Many of the earliest-studied proteins were studied not because of their biological or medical importance, but simply because they were available in sufficient quantity to do research on: RNAse, cytochrome c, S peptide, and so on. A sea change occurred when Jacob and Monod, in France, came to protein folding from a starting point of genetics.

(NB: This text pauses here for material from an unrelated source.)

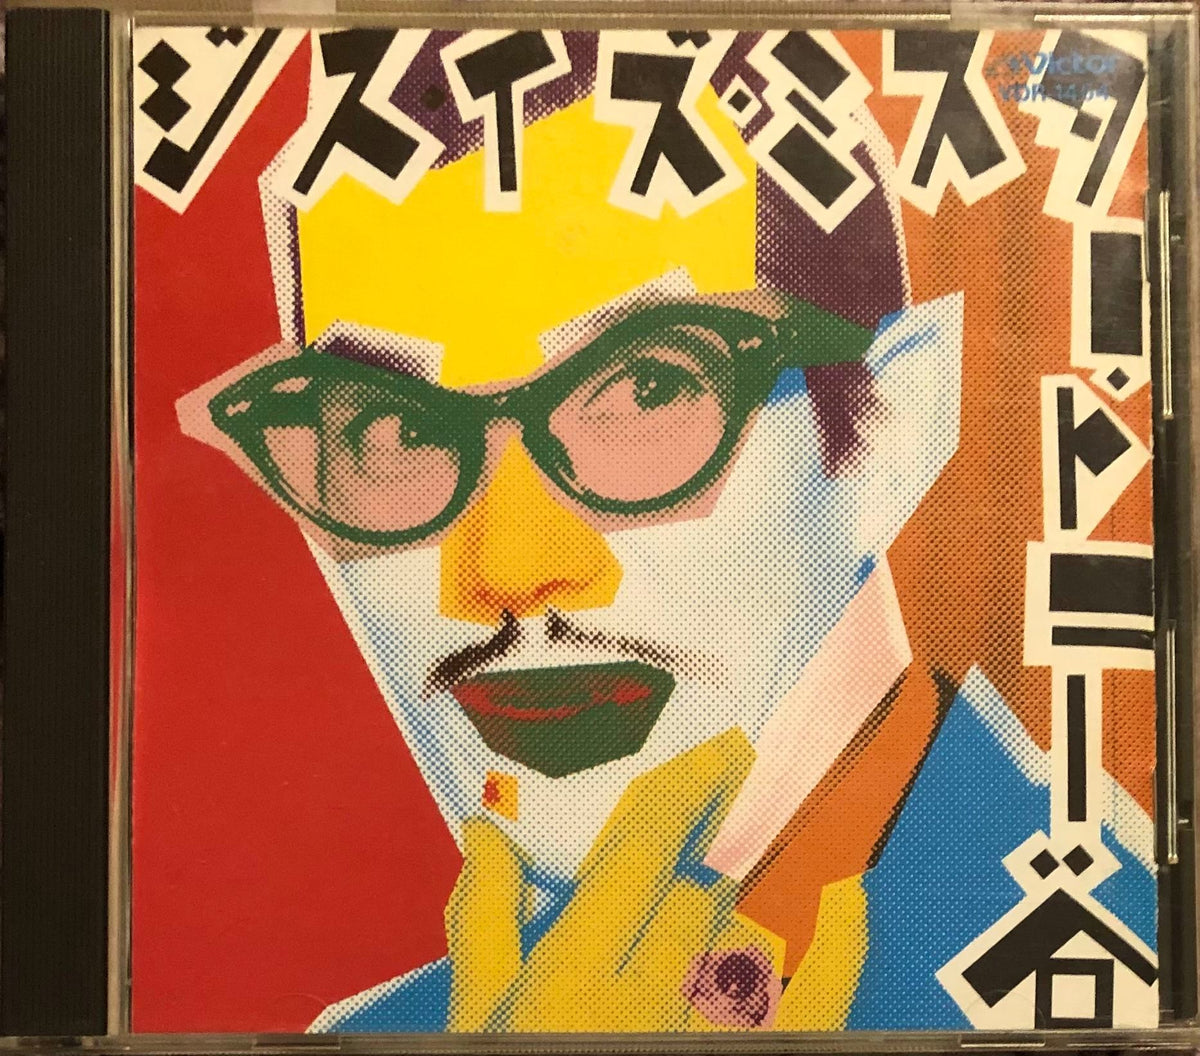 This Is Mister Tony Tani = ジス・イズ・ミスター・トニー谷

They were interested in beta galactosidase, and they already had a whole series of mutants from genetics experiments. Beta galactosidase is a larger protein than the others people had studied - 125 kDa - and exists as a tetramer, so it was harder to fold.

Their key experiment was a double jump of sorts. They began with a fully folded protein, then dipped it briefly into anywhere from 0M to 6M GdnHCl, then put it back into a folding buffer. Curiously, they found that if the protein was dipped in 6M GdnHCl, the folded form could be recovered with a high yield in the buffer afterward. But if they dipped the protein into 3M GdnHCl, recovery in buffer was very low. The dip in yield at ~3M GdnHCl was dubbed a “trough”. The interpretation was as follows. There were two intermediates, I₁ and I₂, such that the folding pathway is U → I₁ → I₂ →. I₁, but not I₂, is prone to aggregation. 3M GdnHCl is just enough denaturation to get a lot of protein to I₁ all at once, such that it irreversibly aggregates off-pathway. Whereas if you go all the way to 6M, you are unfolded, and then can quickly refold through I₁ and I₂ to reach N.

This lesson actually led to a practical methodology for purifying recombinant proteins. Consider that there are two ways to do a 1:10 dilution of a denatured protein into buffer. You can first put 0.9 mL of buffer in an Eppendorf tube, then add 0.1 mL of protein to it. Or you can put the 0.1 mL of protein the Eppendorf and add 0.9 mL of buffer on top of it. The latter method yields more rapid mixing, just like how tea brews more quickly when you pour hot water on top of it than when you drop the teabag into hot water. Thus, the latter method yields a more rapid transition from, say, 6M to 0.6M GdnHCl, allowing fewer molecules to be in a local environment of 3M GdnHCl at any one time. Even better, biotech companies have developed the method of dripping protein solution into buffer a single drop at a time. Remember that aggregation is a concentration-dependent phenomenon, and neither U nor N are prone to aggregation, only I₁. Thus if you add protein one bit at a time, you gradually accumulate N, but at any given moment, the concentration if I₁ is very low, thus minimizing aggregation. Another trick is to perform refolding at the lowest possible temperature that still allows acquisition of the native state. That’s because the partially folded intermediates are always more “thermolabile” than the native protein.

Implications for multimeric proteins

When studying (or commercializing) monomeric proteins, you can work at low concentrations in order to minimize aggregation. But if your protein exists natively as a tetramer, then in order to make the tetramer, the protein needs to be at a high enough concentration for the monomers to find each other. Indeed, you can reason that this problem must exist in vivo as well - any protein that needs to function as a tetramer has to be highly-enough expressed in order to form tetramers, at which point it will also be highly-enough expressed to start aggregating. This motivates a need for chaperones.